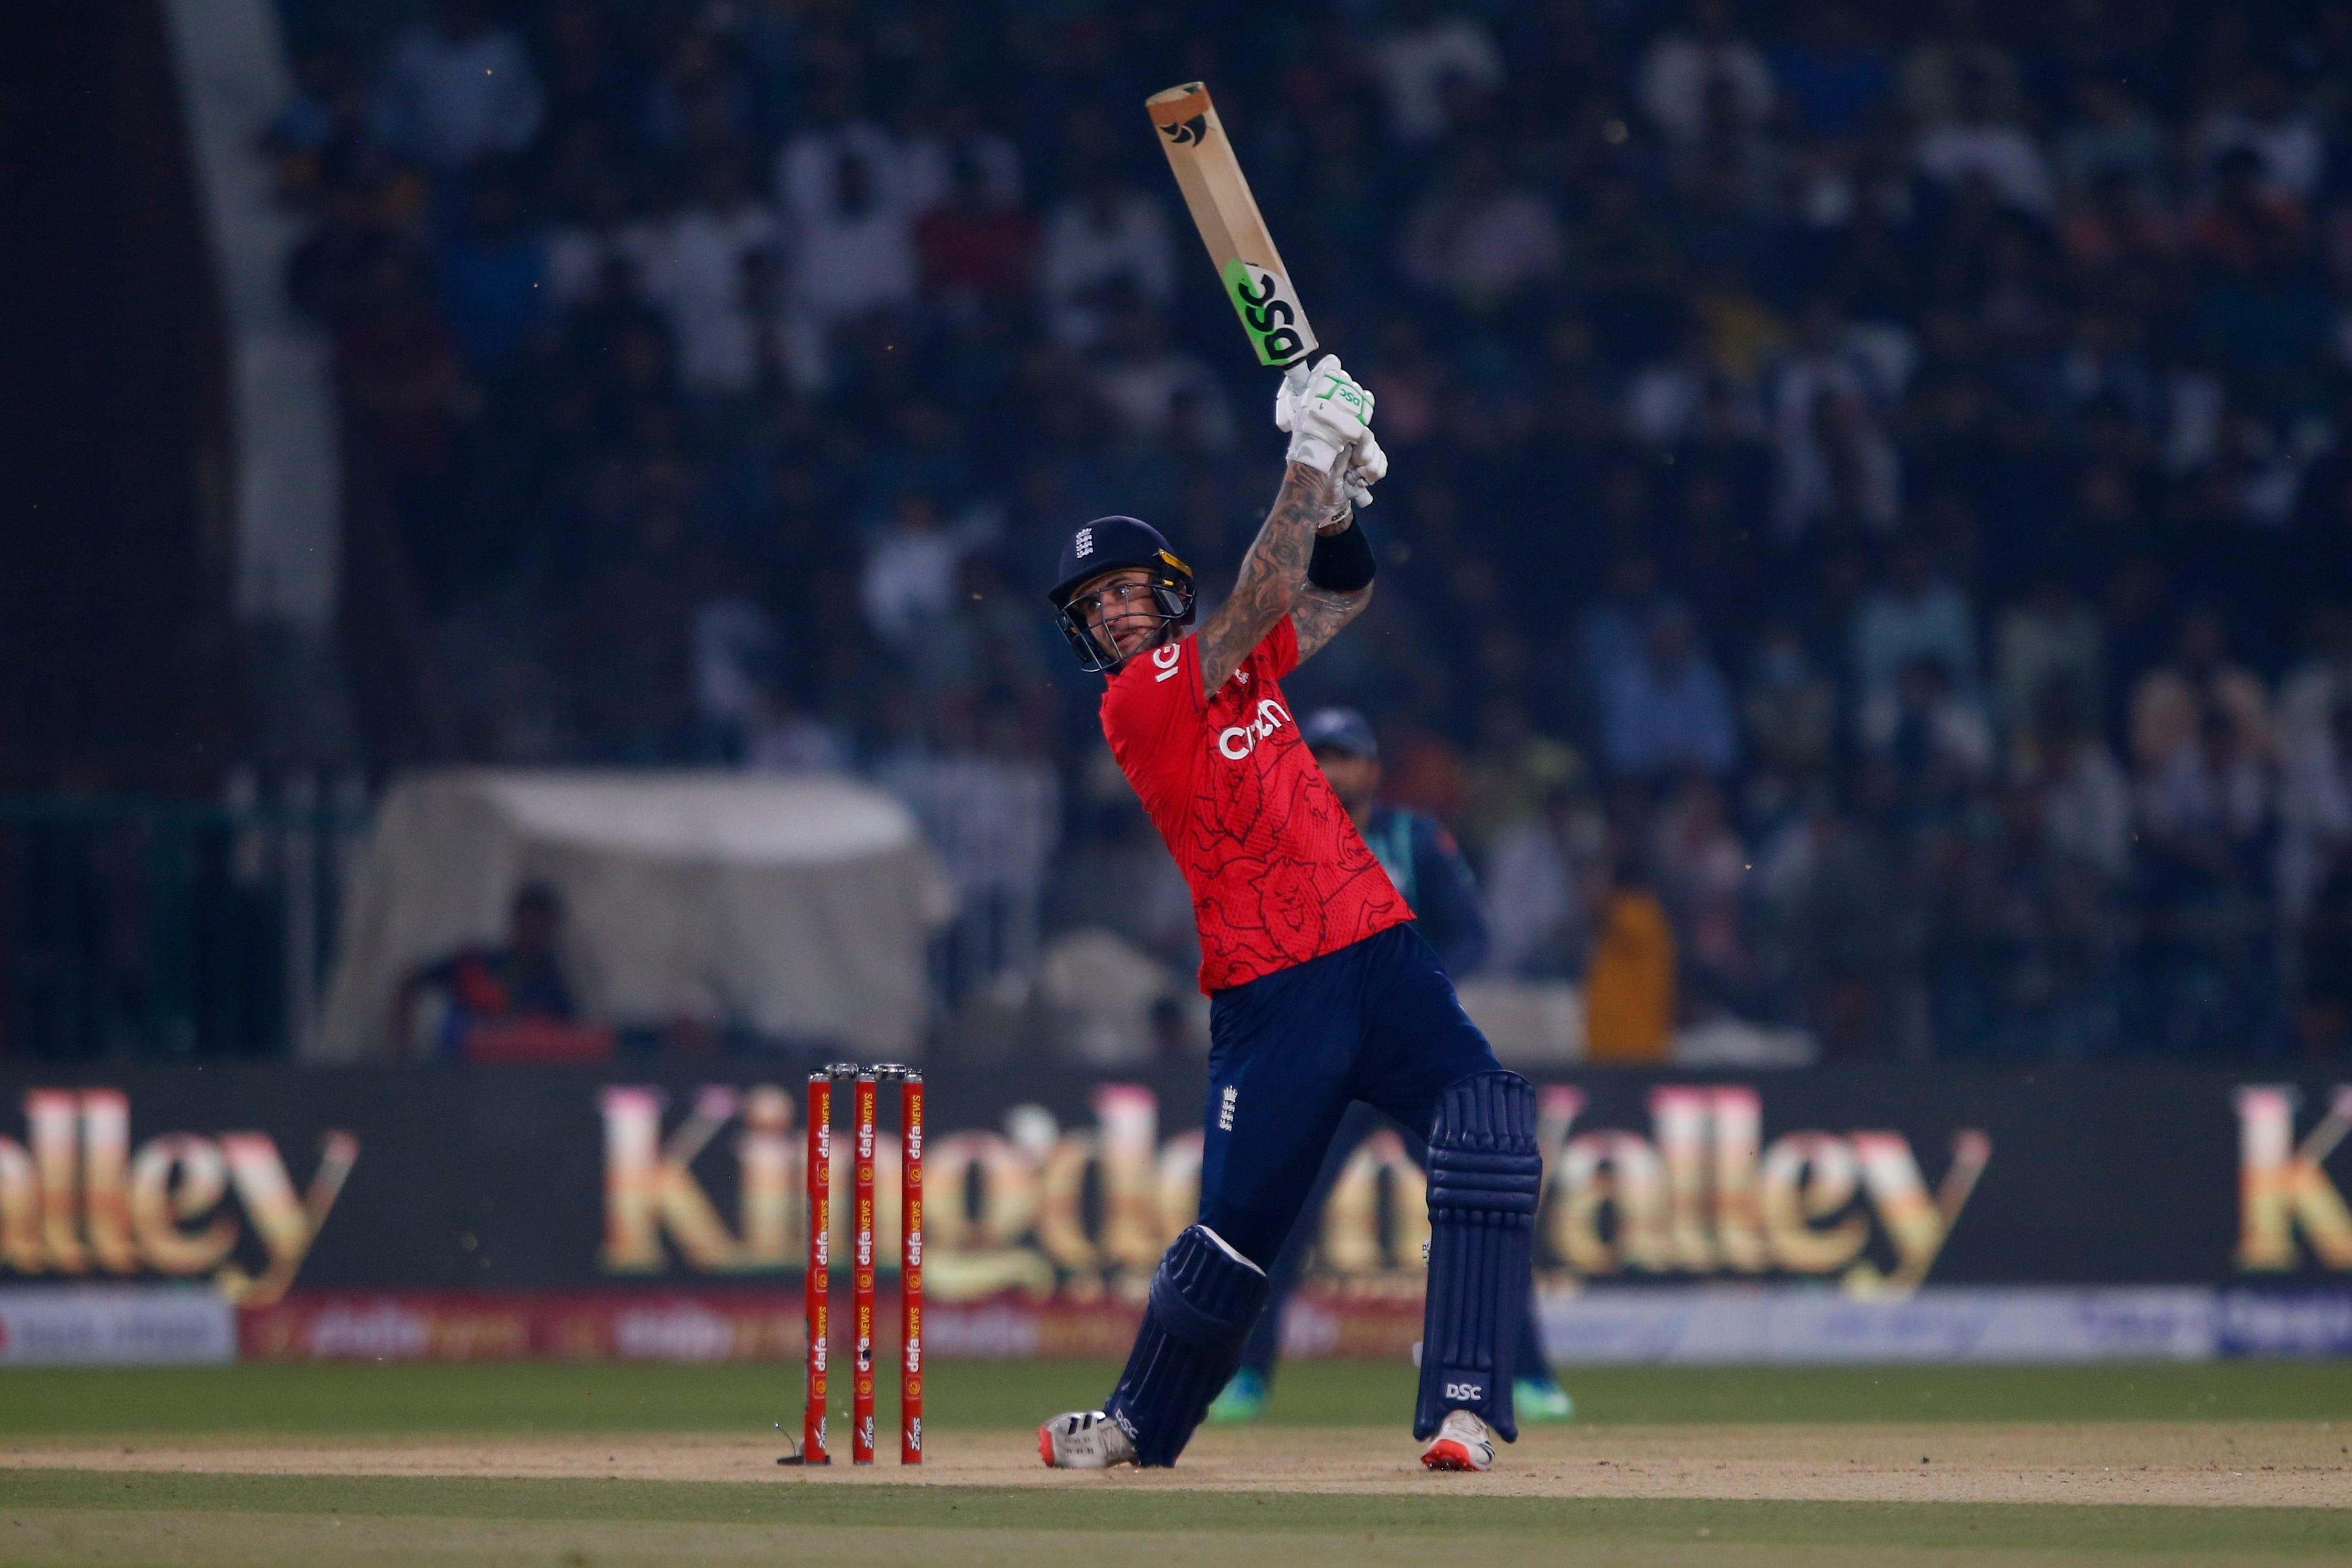 Alex Hales, pictured, looks set to partner Jos Buttler at the T20 World Cup (K.M. Chaudary/AP)
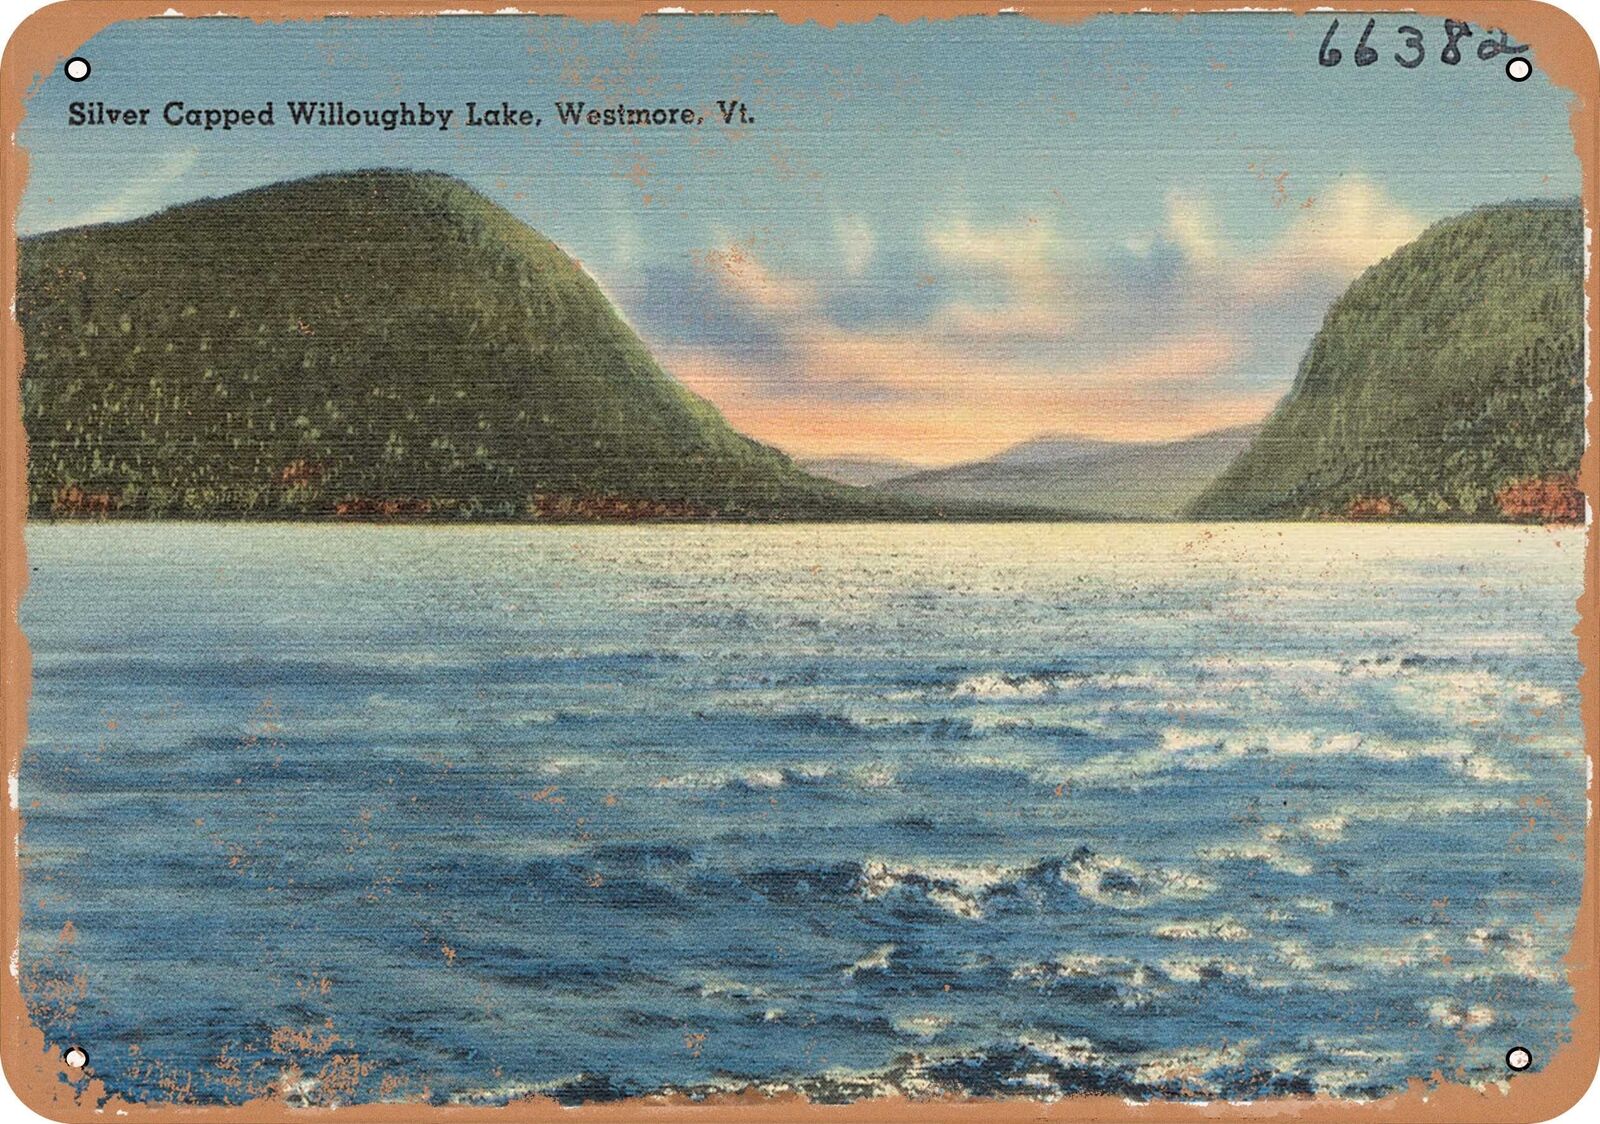 Metal Sign - Vermont Postcard - Silver Capped Willoughby Lake, Westmore, Vt.
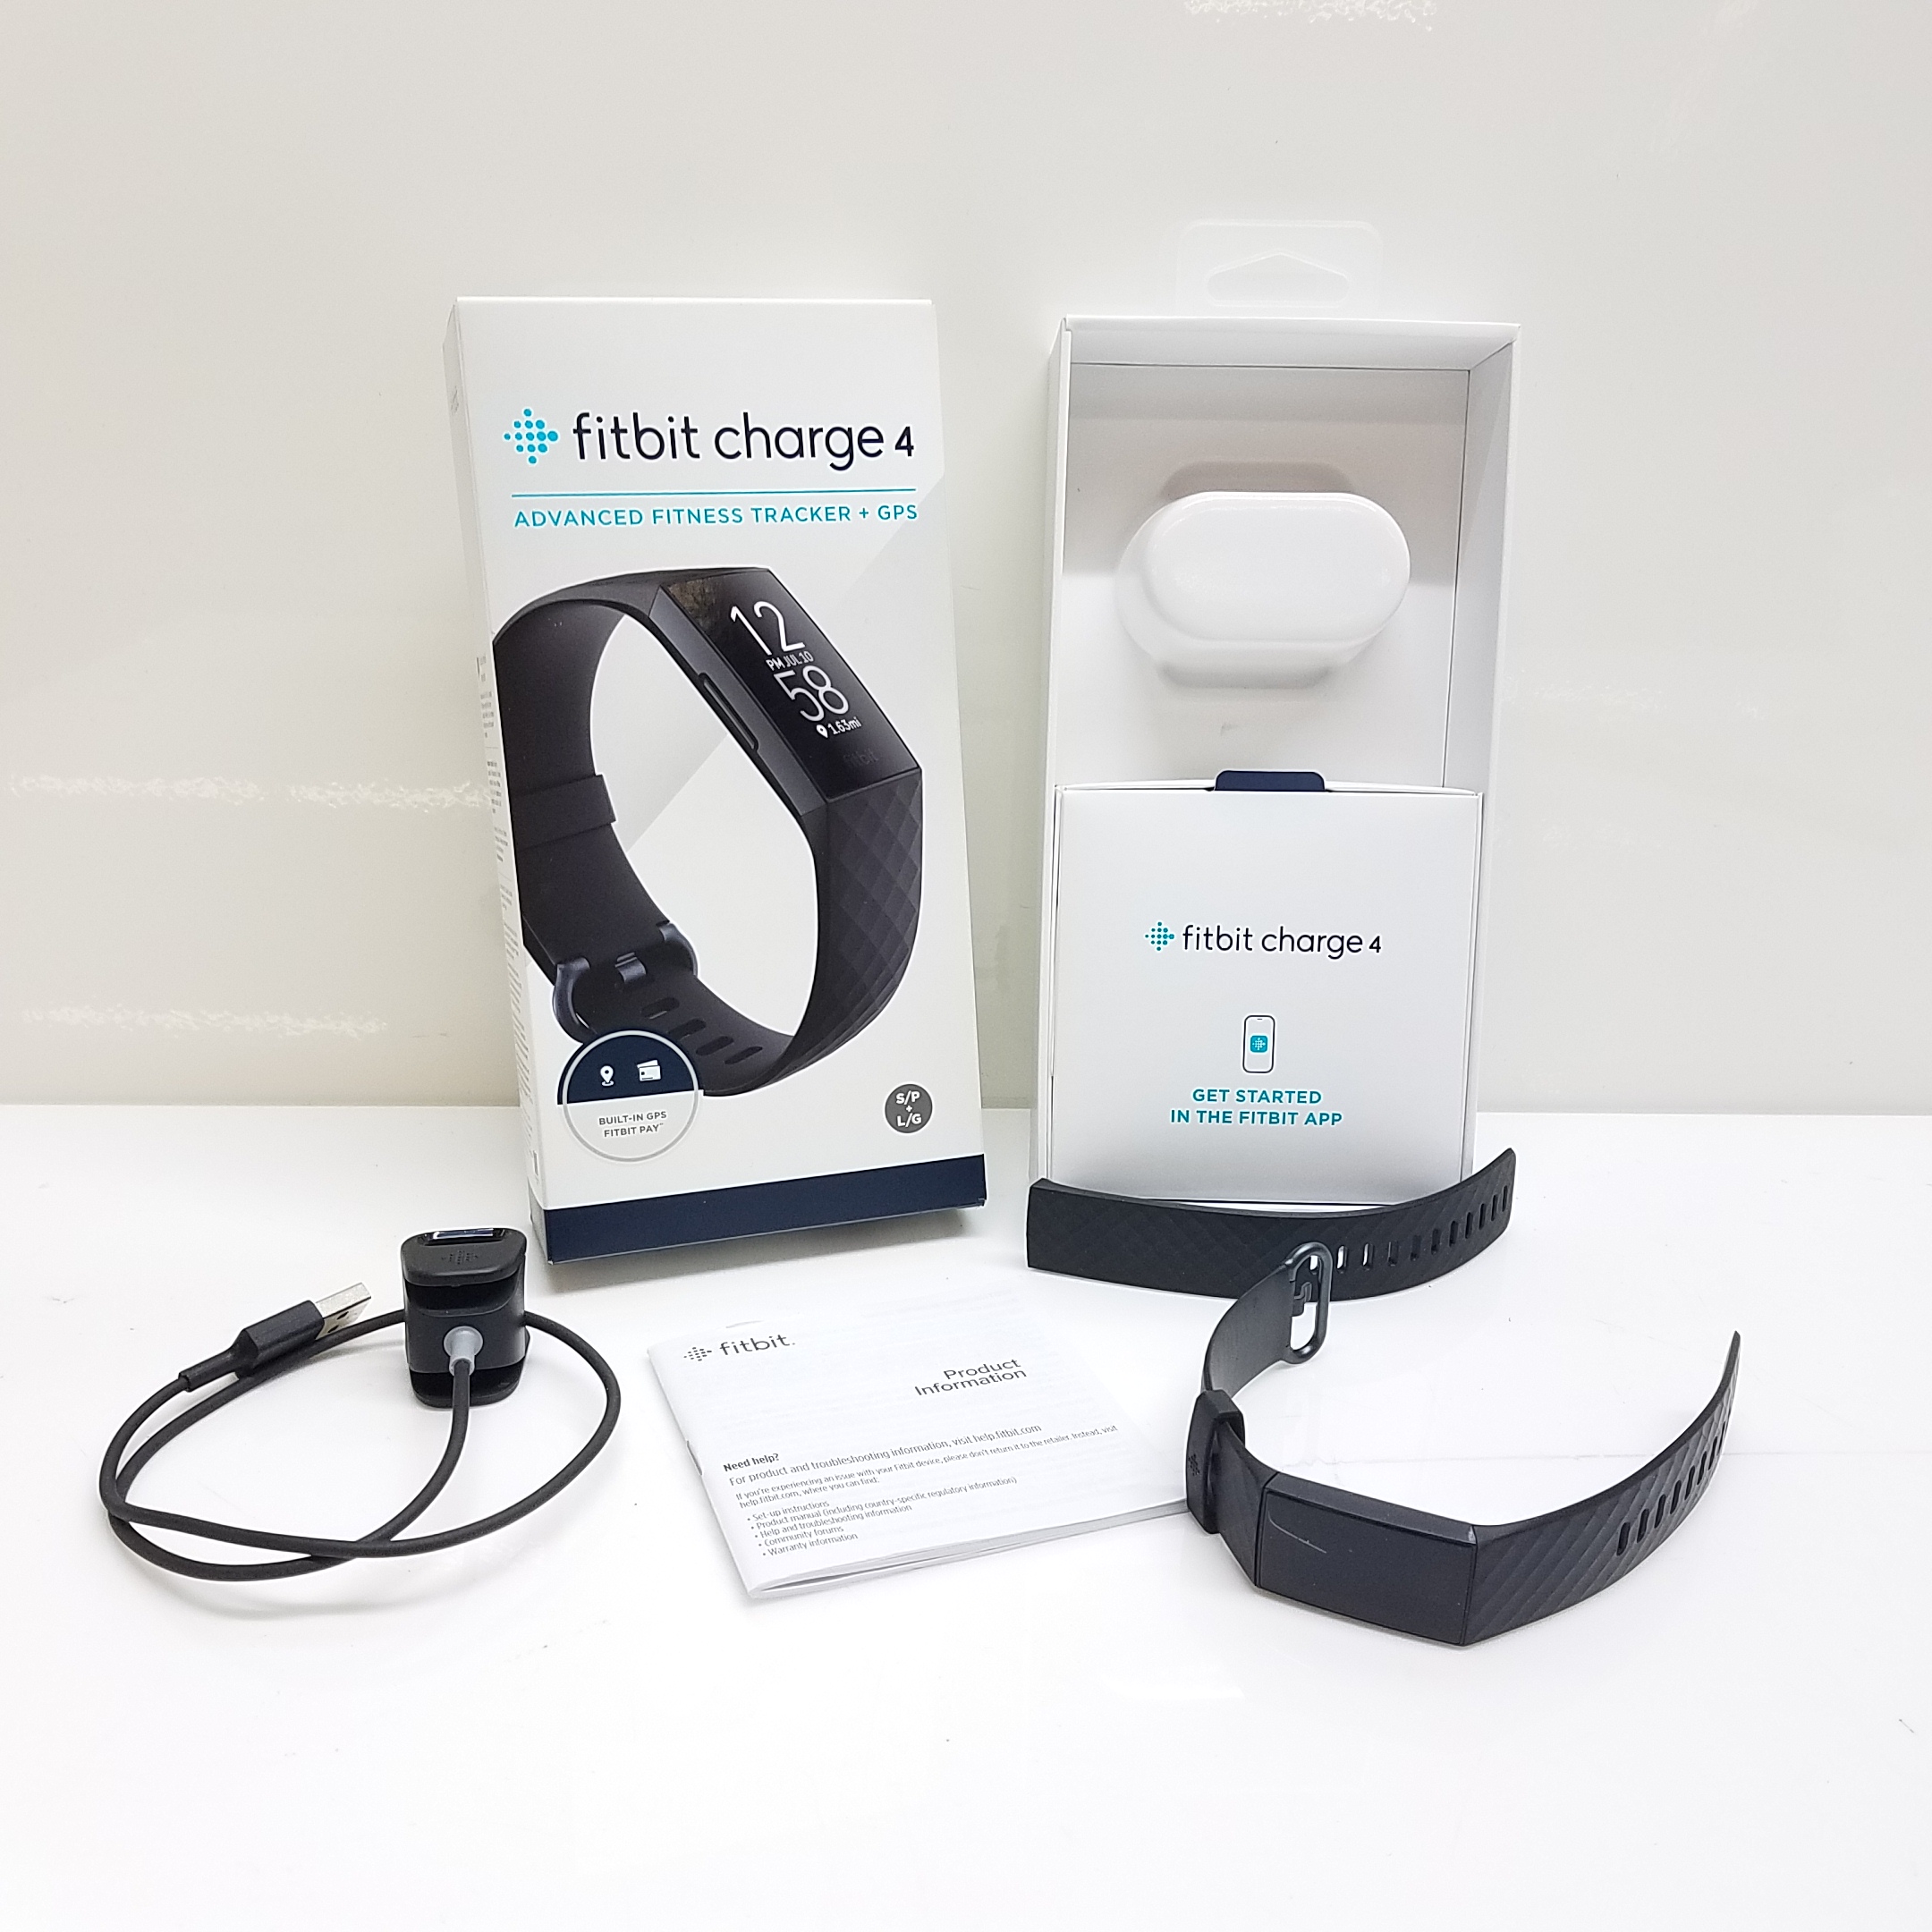 Buy the Fitbit Charge Advance Fitness Tracker + GPS | GoodwillFinds

What the exercise asks
All the lines above need to be repeated exactly, with no pictures carried over.

Solution
 Alex Hales, pictured, looks set to partner Jos Buttler at the T20 World Cup (K.M. Chaudary/AP)
 Metal Sign - Vermont Postcard - Silver Capped Willoughby Lake, Westmore, Vt.
 Buy the Fitbit Charge Advance Fitness Tracker + GPS | GoodwillFinds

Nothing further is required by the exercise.